This is the most straightforward solution that entirely disables LOHs which comes with performance loss. I believe that the loss brought by the outliner would be significantly worse than the loss of LOHs which could be ignored. This should be acceptable since we want to maximize the code size wins and performance loss is expected. The thing I am not sure about is how much performance loss it would bring and if it is worth trading it with 2% code size reduction.
Move AArch64CollectLOH after MachineOutliner
By letting the outliner run first we can still collect LOHs as usual so we could still benefit from them. However, adjusting the optimization pipeline seems to be a nontrivial change and I am not sure if it is doable or acceptable by the community.
For anyone following along, LOH is a MachO-specific directive which directs linker relocation optimizations. ELF uses a different mechanism to achieve a similar result.
I would guess the performance difference from enabling LOH is small; modern cores are very good at integer arithmetic.
Moving AArch64CollectLOH from addPreEmitPass to addPreEmitPass2 is reasonable at first glance… but I might be missing something; I only briefly glanced at the code.

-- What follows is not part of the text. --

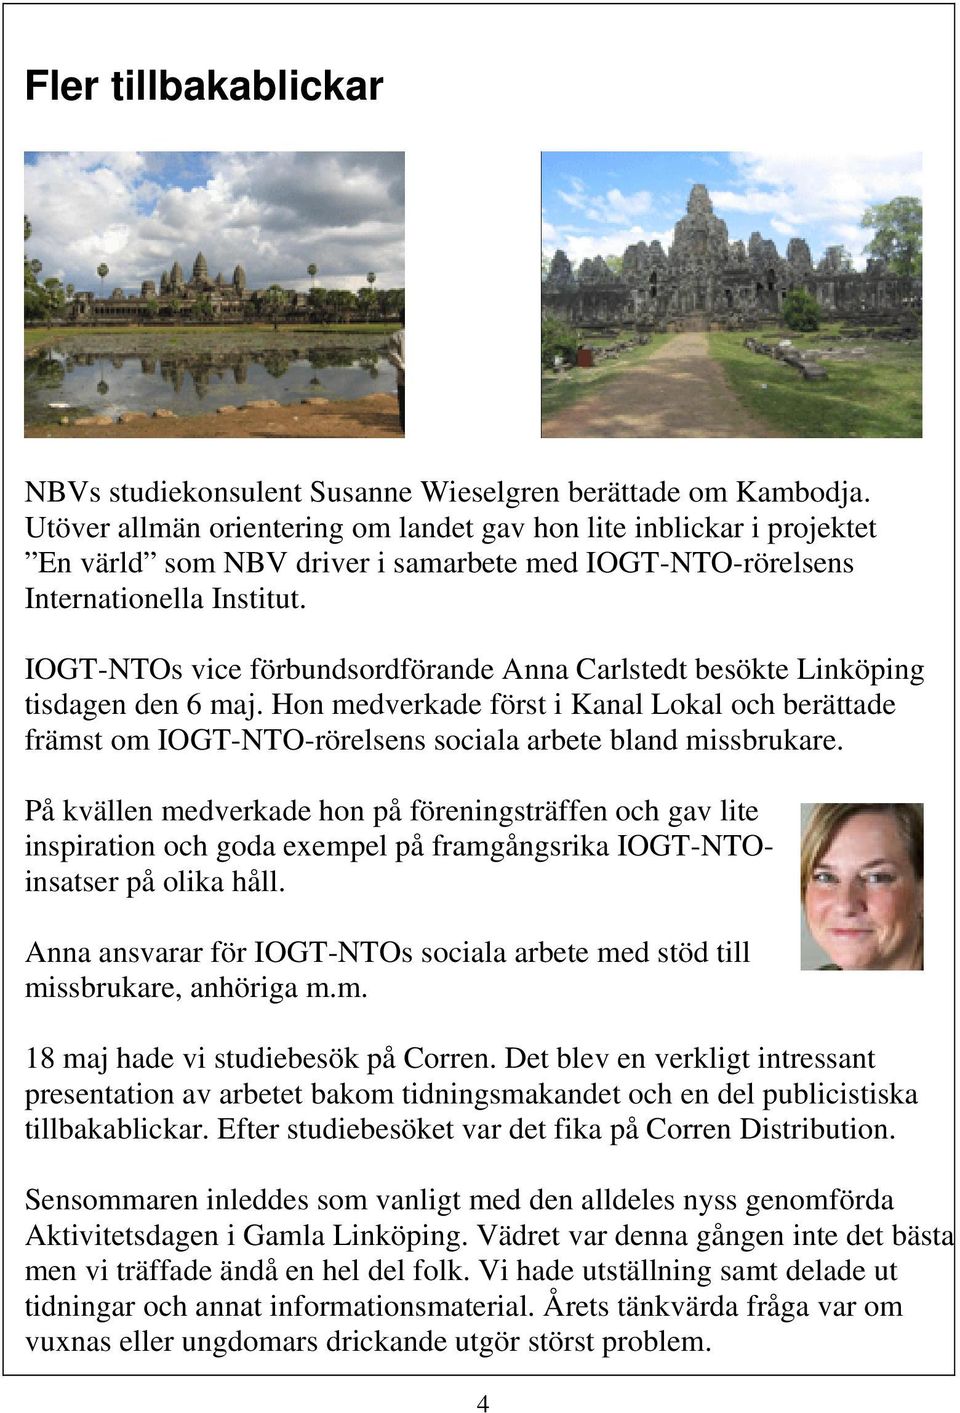 IOGT-NTOs vice förbundsordförande Anna Carlstedt besökte Linköping tisdagen den 6 maj. Hon medverkade först i Kanal Lokal och berättade främst om IOGT-NTO-rörelsens sociala arbete bland missbrukare.

In theory LOHs shouldn’t have any impact on compiler codegen so IMO the fact that it was inhibiting outlining was a bug that moving it LOH computing later is the correct fix for.
We also used to disable LOH to reduce the binary size.
Moving it to addPreEmitPass2 also seems reasonable. Although the uncompressed size might remain similar to when LOH is disabled, this approach can enhance the compressed size because the linker will emit more NOPs.
As a side note, if we aim to reduce the size further in this context (without emitting NOPs), tools like BOLT or other post-link optimization techniques could theoretically accomplish this.
I have identified a couple of issues by moving AArch64CollectLOH to addPreEmitPass2 on my local machine. My plan is to fix them individually and adjust the optimization pipeline once all problems are resolved.